After doing this i got below exception again.

Error: org.apache.hive.service.cli.HiveSQLException: Error while processing statement: Cannot modify RHIVE_UDF_DIR at runtime. It is not in list of params that are allowed to be modified at runtime Let me know if I am doing anything wrong.

Thanks

ghost commented 8 years ago

@shashivish IMHO, your config file looks like this:

<property>
  <name>hive.security.authorization.sqlstd.confwhitelist.append</name>
  <value>RHIVE_UDF_DIR</value>
</property>

hive.security.authorization.sqlstd.confwhitelist has default values.

Thanks

shashivish commented 8 years ago

Hi @DrakeMin I do agree with your point but as per comment by @taeyoung-yoon the values for hive.security.authorization.sqlstd.confwhitelist.append should be in form of regex because of which I changed it.

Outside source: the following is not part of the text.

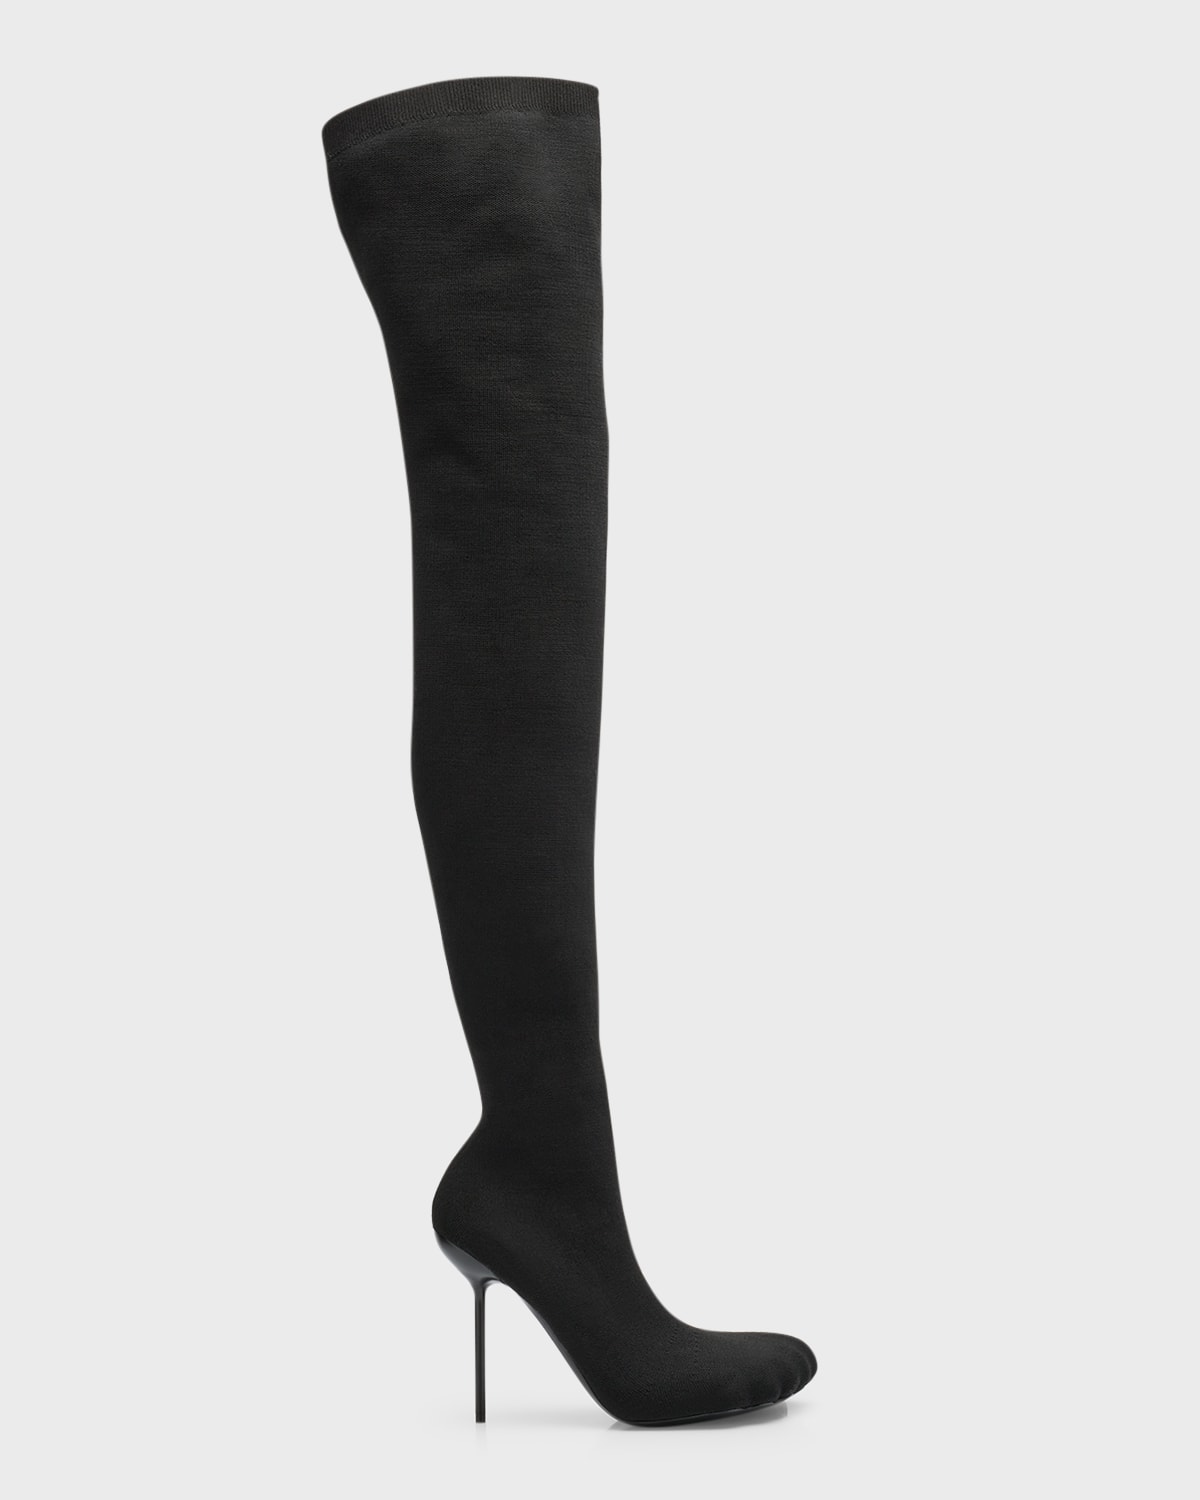 Anatomic 110mm Over-The-Knee Boots

Even Jira ticket also tell the same.

https://issues.apache.org/jira/browse/HIVE-8937

Can you please let me know if that is the case then how should i update hive-site.xml?

Thanks Shashi

taeyoung-yoon commented 8 years ago

Hi @Shashi, IMO, you don't need to set any value to the 'hive.security.authorization.sqlstd.confwhitelist' property of your hive-site.xml, which allows for you to use default hive commands. And you have any special commands which are not included into the default command list such as RHIVE_UDF_DIR, just add the commands as java regex to the" hive.security.authorization.sqlstd.confwhitelist.append" property in your hive-site.xml. For example, you should run the following commands which are necessary for using rhive. set mapred.child.env = 'foo bar'; set RHIVE_UDF_DIR = '/usr/lib/x/y'; set query.invoker = 'user1';

You just need the hive configuration as below.

hive.security.authorization.sqlstd.confwhitelist hive.security.authorization.sqlstd.confwhitelist.append query.invoker|RHIVE_UDF_DIR

Thanks, Taeyoung

shashivish commented 8 years ago

Thank you very much @taeyoung-yoon and @DrakeMin . Issue got resolved. It was a great help. :+1: